In one, I shoved two optocouplers (one for front-to-back coordinates, the other for left-right coordinates). Optocouplers were taken out of a mechanical mouse, which I purchased for 30 rubles. In principle, optocouplers can be bought separately, but then the costs would be impressive. I glued the LEDs to the moving part of the joystick, and the photodiodes to the lower fixed part.

I used the second joystick on the principle of a gearbox. By moving the joystick to the most extreme positions (up, down, left, right), the contacts are closed. It turns out 4 positions - 4 buttons.

Just right for car simulators: up / down - shifting gears, and left / right for other needs (for example, a horn, a handbrake or a shift for NFS). Very comfortable and original :). The first joystick is connected to the GAME port, and the second to the first using a homemade port. It turns out this chain:

The first joystick has one feature - the absence of resistance, i.e. the handle moves quietly and does not return to the central position. There are pluses and minuses here. On the one hand, the hand practically does not get tired, I even got used to playing with one finger. On the other hand, it is difficult to find the central position (principally in flight simulators).

I used this design for a very long time, until my friends gave me a Logitech Attack 3 joystick.

Manual assembly, of course, cannot be compared with branded models, but the price of a homemade joystick is ten times less than the price of good joysticks.

Not only did I enjoy assembly and soldering, but it was also very pleasant to play. After all, there are no elementary things on the keyboard - the ability to adjust the gas and turn, which bring a share of realism and a lot of pleasant sensations to the game.
If you want to get new sensations in games, but there is no money for a good joystick, then take an example from me - make a joystick with your own hands :).

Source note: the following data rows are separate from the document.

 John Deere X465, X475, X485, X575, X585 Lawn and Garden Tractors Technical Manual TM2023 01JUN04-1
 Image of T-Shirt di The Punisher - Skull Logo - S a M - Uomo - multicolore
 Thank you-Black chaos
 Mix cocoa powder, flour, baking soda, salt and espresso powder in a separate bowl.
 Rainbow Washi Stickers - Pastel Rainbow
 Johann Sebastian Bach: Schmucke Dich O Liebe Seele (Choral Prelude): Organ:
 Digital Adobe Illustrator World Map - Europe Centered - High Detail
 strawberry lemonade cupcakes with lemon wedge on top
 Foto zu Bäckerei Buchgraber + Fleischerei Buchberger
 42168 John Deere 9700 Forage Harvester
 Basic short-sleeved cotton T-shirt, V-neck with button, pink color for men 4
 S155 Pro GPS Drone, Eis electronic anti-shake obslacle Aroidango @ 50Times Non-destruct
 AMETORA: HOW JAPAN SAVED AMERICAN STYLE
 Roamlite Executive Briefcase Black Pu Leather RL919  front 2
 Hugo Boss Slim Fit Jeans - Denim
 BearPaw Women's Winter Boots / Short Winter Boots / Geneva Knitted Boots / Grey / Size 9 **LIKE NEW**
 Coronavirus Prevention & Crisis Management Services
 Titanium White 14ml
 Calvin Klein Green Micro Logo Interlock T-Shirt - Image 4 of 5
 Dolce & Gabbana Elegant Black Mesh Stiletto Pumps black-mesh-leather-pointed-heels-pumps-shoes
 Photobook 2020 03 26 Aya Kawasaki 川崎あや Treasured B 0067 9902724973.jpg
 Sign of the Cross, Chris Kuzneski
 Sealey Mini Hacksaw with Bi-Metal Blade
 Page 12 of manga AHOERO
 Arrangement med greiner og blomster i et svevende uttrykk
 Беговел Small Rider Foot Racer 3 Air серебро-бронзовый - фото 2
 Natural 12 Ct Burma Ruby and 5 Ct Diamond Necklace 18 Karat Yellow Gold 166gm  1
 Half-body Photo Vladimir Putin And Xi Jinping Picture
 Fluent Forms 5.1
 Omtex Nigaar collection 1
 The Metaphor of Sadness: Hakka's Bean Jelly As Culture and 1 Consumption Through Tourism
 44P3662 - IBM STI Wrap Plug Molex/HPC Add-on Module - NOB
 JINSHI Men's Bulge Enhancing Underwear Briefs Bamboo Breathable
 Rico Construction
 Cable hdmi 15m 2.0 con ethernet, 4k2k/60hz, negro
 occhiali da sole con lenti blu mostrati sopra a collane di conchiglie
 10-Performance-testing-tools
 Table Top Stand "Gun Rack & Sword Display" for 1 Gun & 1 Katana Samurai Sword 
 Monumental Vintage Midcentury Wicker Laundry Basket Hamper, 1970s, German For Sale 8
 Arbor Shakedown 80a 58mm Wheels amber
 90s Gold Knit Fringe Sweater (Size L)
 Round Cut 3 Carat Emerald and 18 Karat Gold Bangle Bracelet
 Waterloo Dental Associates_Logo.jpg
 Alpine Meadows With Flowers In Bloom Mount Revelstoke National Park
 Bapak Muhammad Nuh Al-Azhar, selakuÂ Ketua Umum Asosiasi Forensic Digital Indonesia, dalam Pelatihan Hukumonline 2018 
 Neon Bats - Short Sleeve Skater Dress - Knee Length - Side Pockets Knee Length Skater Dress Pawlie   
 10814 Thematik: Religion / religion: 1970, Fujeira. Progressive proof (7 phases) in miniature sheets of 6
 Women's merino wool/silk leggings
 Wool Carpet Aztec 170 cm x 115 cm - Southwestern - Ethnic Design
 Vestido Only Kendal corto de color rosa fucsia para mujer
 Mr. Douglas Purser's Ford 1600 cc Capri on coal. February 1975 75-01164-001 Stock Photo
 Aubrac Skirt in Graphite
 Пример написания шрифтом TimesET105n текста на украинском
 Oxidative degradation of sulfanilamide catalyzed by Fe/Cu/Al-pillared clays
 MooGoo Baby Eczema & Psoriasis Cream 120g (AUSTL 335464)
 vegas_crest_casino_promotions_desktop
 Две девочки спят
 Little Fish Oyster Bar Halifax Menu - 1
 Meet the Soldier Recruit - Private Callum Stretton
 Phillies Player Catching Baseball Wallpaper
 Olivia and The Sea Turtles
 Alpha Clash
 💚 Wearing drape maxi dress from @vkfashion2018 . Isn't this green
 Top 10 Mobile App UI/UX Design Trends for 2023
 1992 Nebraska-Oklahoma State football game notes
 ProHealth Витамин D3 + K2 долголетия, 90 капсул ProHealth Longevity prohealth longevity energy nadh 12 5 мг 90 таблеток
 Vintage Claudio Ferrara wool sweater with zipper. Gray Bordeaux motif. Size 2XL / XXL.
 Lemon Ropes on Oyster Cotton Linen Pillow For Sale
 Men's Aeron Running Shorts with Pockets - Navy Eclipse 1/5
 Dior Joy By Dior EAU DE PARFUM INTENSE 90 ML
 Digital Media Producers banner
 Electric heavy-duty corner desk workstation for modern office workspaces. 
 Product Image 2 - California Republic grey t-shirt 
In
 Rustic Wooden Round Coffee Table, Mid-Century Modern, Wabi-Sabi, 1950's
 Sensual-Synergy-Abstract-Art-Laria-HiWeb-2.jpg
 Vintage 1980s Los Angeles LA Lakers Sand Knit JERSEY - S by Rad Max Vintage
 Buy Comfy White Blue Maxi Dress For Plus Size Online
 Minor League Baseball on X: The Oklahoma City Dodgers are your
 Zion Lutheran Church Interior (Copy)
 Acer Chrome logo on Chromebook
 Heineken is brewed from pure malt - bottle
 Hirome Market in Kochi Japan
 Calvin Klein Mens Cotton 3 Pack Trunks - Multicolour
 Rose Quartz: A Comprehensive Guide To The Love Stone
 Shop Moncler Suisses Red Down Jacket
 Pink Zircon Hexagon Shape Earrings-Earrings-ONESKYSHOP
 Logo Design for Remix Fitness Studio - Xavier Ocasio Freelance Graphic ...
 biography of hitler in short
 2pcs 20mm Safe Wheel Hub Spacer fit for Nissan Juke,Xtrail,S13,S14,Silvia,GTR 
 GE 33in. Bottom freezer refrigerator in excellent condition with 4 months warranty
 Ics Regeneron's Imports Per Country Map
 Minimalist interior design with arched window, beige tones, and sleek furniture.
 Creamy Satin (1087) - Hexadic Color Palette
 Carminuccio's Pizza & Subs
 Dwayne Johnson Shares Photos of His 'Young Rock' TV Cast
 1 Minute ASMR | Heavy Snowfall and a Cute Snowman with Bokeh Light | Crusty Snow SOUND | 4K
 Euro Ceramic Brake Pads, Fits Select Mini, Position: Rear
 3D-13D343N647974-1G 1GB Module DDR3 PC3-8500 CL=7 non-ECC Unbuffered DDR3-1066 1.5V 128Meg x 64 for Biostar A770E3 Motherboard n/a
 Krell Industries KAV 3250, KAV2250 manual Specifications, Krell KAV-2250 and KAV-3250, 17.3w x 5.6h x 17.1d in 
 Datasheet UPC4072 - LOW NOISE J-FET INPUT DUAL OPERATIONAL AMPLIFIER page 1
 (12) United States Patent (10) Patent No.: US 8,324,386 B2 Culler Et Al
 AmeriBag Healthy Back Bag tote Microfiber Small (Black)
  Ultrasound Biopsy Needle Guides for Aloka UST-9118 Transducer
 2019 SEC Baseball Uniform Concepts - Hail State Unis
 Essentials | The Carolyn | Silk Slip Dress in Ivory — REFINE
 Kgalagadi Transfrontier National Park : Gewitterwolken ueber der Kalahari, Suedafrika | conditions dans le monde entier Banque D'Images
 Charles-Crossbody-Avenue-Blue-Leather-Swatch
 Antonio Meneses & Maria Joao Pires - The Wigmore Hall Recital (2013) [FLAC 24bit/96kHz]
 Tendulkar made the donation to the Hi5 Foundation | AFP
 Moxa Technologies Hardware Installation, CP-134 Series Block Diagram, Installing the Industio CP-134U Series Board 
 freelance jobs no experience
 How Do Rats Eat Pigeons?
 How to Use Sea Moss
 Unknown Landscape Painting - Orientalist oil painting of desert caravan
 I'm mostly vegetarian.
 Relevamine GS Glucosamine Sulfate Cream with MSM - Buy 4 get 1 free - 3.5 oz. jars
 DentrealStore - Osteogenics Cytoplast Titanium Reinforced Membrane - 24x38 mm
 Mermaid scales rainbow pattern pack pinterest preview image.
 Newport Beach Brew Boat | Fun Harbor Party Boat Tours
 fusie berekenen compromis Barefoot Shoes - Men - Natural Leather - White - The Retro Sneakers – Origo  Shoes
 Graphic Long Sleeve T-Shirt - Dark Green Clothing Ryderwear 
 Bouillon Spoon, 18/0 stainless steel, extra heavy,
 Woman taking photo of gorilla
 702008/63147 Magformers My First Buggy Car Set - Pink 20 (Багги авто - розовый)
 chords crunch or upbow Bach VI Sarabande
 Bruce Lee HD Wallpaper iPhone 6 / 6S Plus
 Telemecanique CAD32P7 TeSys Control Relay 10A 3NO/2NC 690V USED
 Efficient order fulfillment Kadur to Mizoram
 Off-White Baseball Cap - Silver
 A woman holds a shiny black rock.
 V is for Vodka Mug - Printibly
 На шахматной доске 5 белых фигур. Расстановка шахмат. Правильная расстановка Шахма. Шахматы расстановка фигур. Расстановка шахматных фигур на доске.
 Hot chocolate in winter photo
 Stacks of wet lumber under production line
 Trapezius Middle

Hi all. In today's article, we'll talk about customizing a regular keyboard for gaming needs. Playing with a joystick or gamepad is much more convenient than pressing the WASD keys, but such gamepads are quite expensive. That's why the thought came do do it yourself a small joystick that could be placed on the keyboard. craft lightweight and portable. No cables or drivers are required to connect it. Just install under the tree on the keyboard and you're all set to go.

Step 1: What we need

  • Wire hanger;
  • Sugru - plasticine for adults.
  • Thin wire;
  • Platypuses;
  • Food film.

Instead of "sugru" you can try to use clay, but then you will need to rubberize the legs of the joystick for better contact with keys.

Step 2: Choose Control Keys

Usually in games, the WASD combination is used to move. But due to the linear arrangement of the ASD keys, the joystick will not function. Therefore, we will reassign control under WAXD. The joystick also works fine with the 8426 combination (on the small numeric keypad), despite the fact that the letters are slightly offset from each other.

Step 3: Frame

We cut off two pieces of wire about 8 cm long from the hanger. Bend them, forming U-shaped brackets. The legs are 2 cm long. One of the braces has slightly elongated legs so that they can cover the thickness of the bottom wire. Since the joystick was made for WAXD, we will skew the brackets so that they are installed directly on the keys.

Step 4: Sugro

Let's stretch the surga and stick around its entire frame. Let's form a kind of handle on top, and place the legs on the keys, having previously placed a cling film over the keyboard. As soon as we are satisfied with the shape of the joystick, we leave under the tree dry all night.